Avenue in Tbilisi, Georgia

Rustaveli Avenue (რუსთაველის გამზირი), formerly known as Golovin Street, is the central avenue in Tbilisi named after the medieval Georgian poet, Shota Rustaveli.

The avenue starts at Freedom Square and extends for about 1.5 km in length, before it turns into an extension of Kostava Street. Rustaveli is often considered the main thoroughfare of Tbilisi due to the numerous governmental, public, cultural, and business buildings that are located along or near the avenue. The Parliament of Georgia building, the Georgian National Opera Theater, the Rustaveli State Academic Theater, the Georgian Academy of Sciences, Kashveti Church, the Georgian Museum of Fine Arts, Simon Janashia Museum of Georgia (part of the Georgian National Museum), and Biltmore Hotel Tbilisi among others, are all located on Rustaveli.

==History==
Rustaveli Avenue has its origins in the Digomi Road which connected Tbilisi to the North Caucasus via the village of Digomi to the city's north. The course of the Digomi Road partly coincided with that of the current avenue. Mikhail Vorontsov, the Russian viceroy of the Caucasus, ordered the construction of the current wide avenue in the 1840s as part of a project to Europeanize the Persian-style city. The avenue was initially named Golovinskiy prospekt (Головинскій проспектъ) after Yevgeny Golovin, an earlier Russian viceroy. In 1918, the street received its current name in honor of medieval Georgian poet Shota Rustaveli.

In 1959, an aerial cable car was opened between Rustaveli Avenue and Mount Mtatsminda. In 1966, the Rustaveli metro station opened at the avenue's northern end, followed in 1967 by the Liberty Square metro station at the avenue's southern end. The cable car to Mtatsminda was closed in 1990 following a deadly accident that killed 19 people.

In November 2023, Tbilisi mayor Kakha Kaladze announced that the avenue would undergo renovation starting in 2024 and lasting about two years.
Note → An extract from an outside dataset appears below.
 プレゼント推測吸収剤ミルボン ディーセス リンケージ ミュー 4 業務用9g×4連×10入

In October 2024, the Rustaveli–Mtatsminda cable car was reopened.

===Political events and protests===
In May 1918, both the Georgian and Azerbaijani declarations of independence were signed in the former Viceroy's Palace on Rustaveli Avenue.
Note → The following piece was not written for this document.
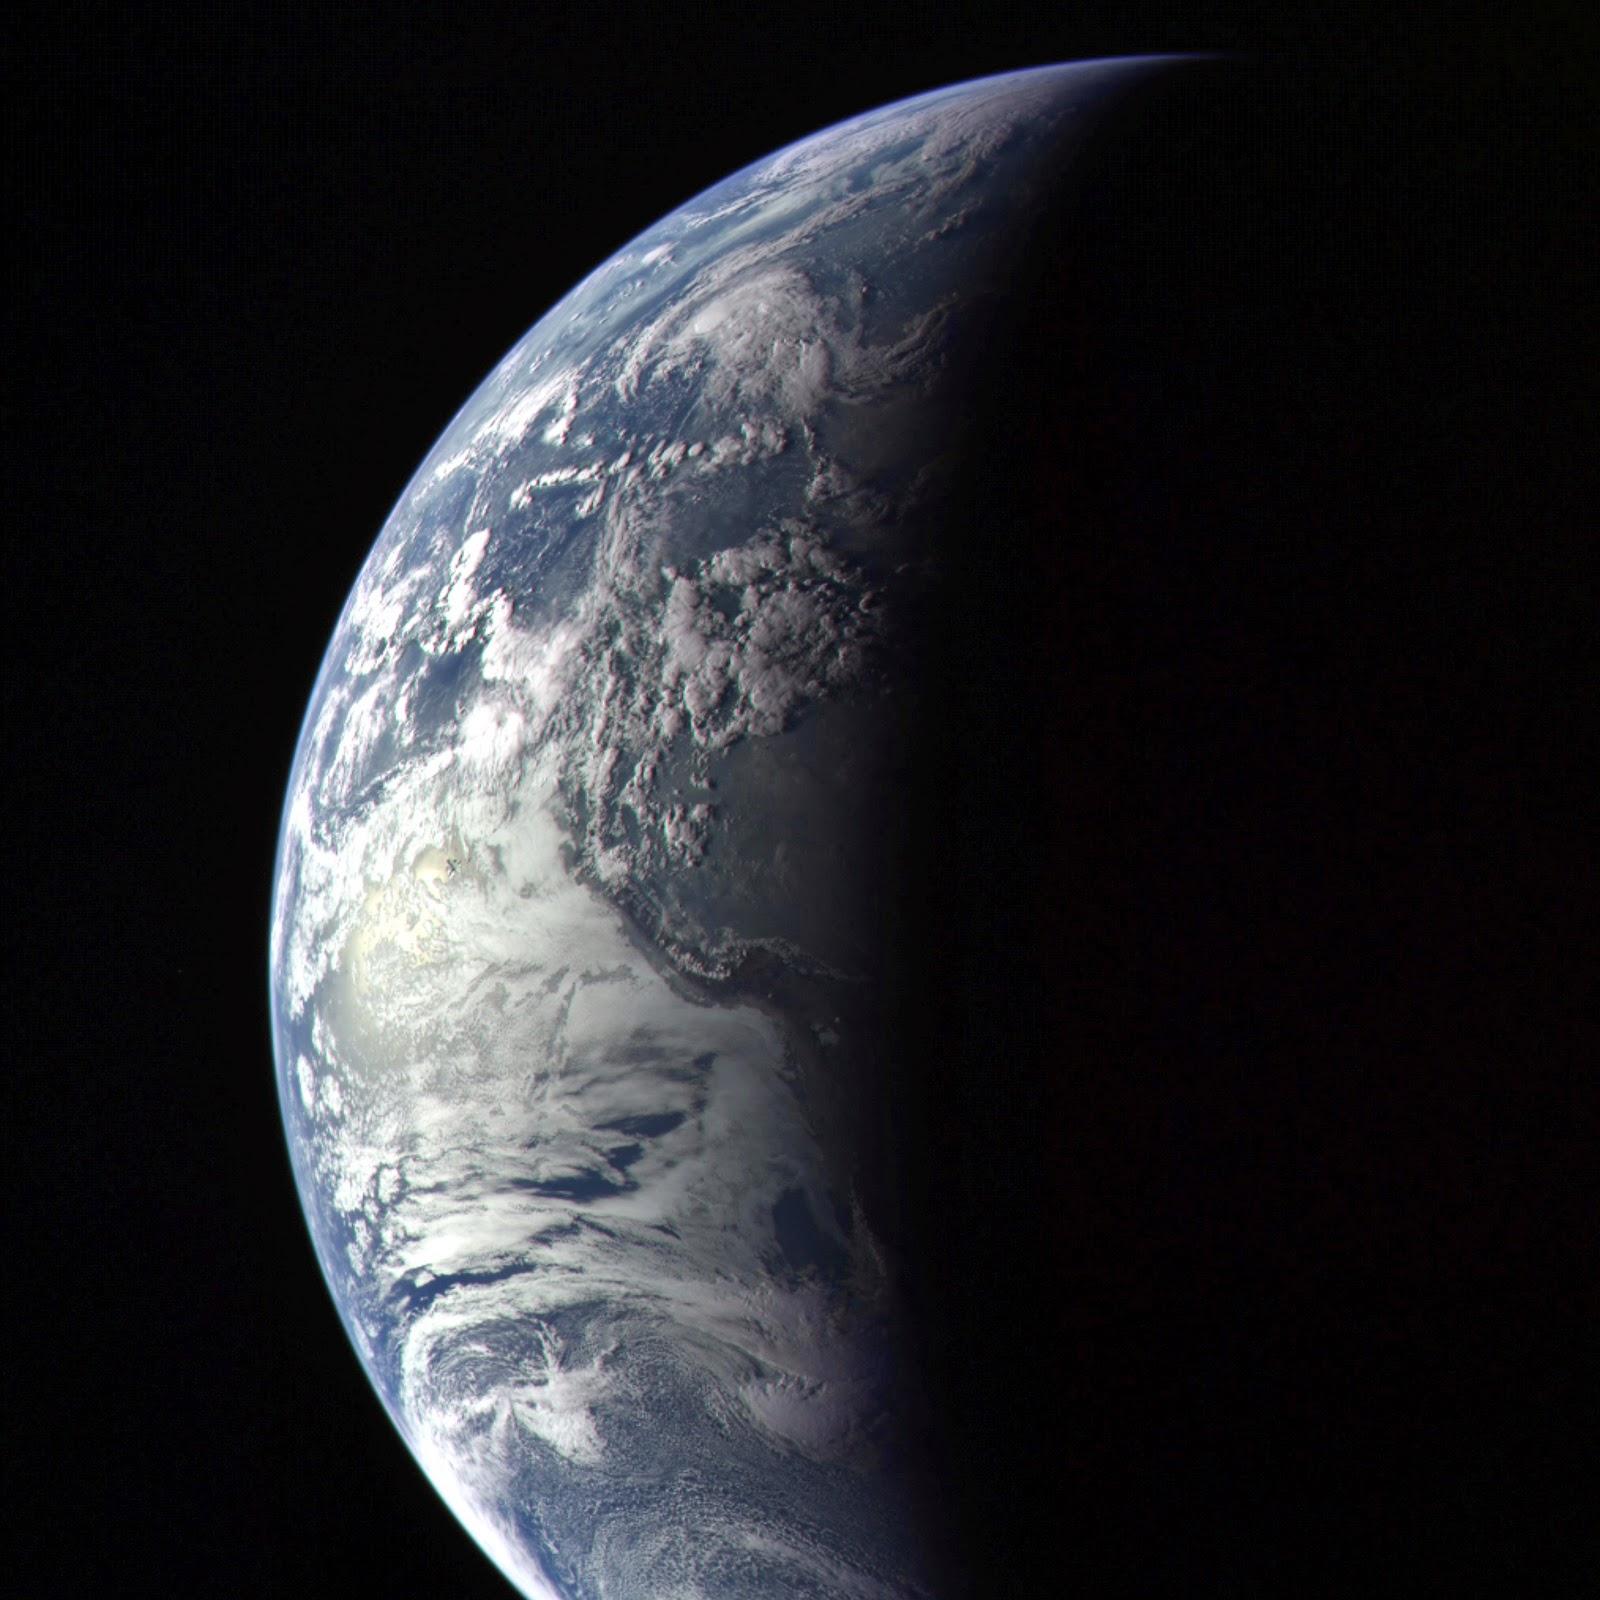 Tévhír, hogy hat napos sötétség borul a Földre

In 1956, demonstrations against Nikita Khrushchev's policy of de-Stalinization were held on Rustaveli Avenue. The pro-Stalin protests were violently suppressed by Soviet troops.

In 1989, tens of thousands of pro-independence Georgians gathered before the House of Government on Rustaveli Avenue. An attack by the Soviet Spetsnaz forces killed many protesters in the April 9 tragedy. Two years later, on 9 April 1991, the restoration of Georgian independence was declared at the same location on Rustaveli Avenue. The events of 9 April 1989 established that segment of Rustaveli Avenue as a spot of particular symbolic importance in Georgian culture.

In 1991, the street was the epicenter of an internal conflict that led to a coup d'état against president Zviad Gamsakhurdia, the deaths of over 100 people, and the destruction of some buildings on the eastern part of the avenue. In 2003, many Georgians gathered on Rustaveli Avenue to protest the parliamentary election in what became known as the Rose Revolution. Protests against the government of president Mikheil Saakashvili, previously the leader of the Rose Revolution, were held on Rustaveli Avenue in 2007 and 2011.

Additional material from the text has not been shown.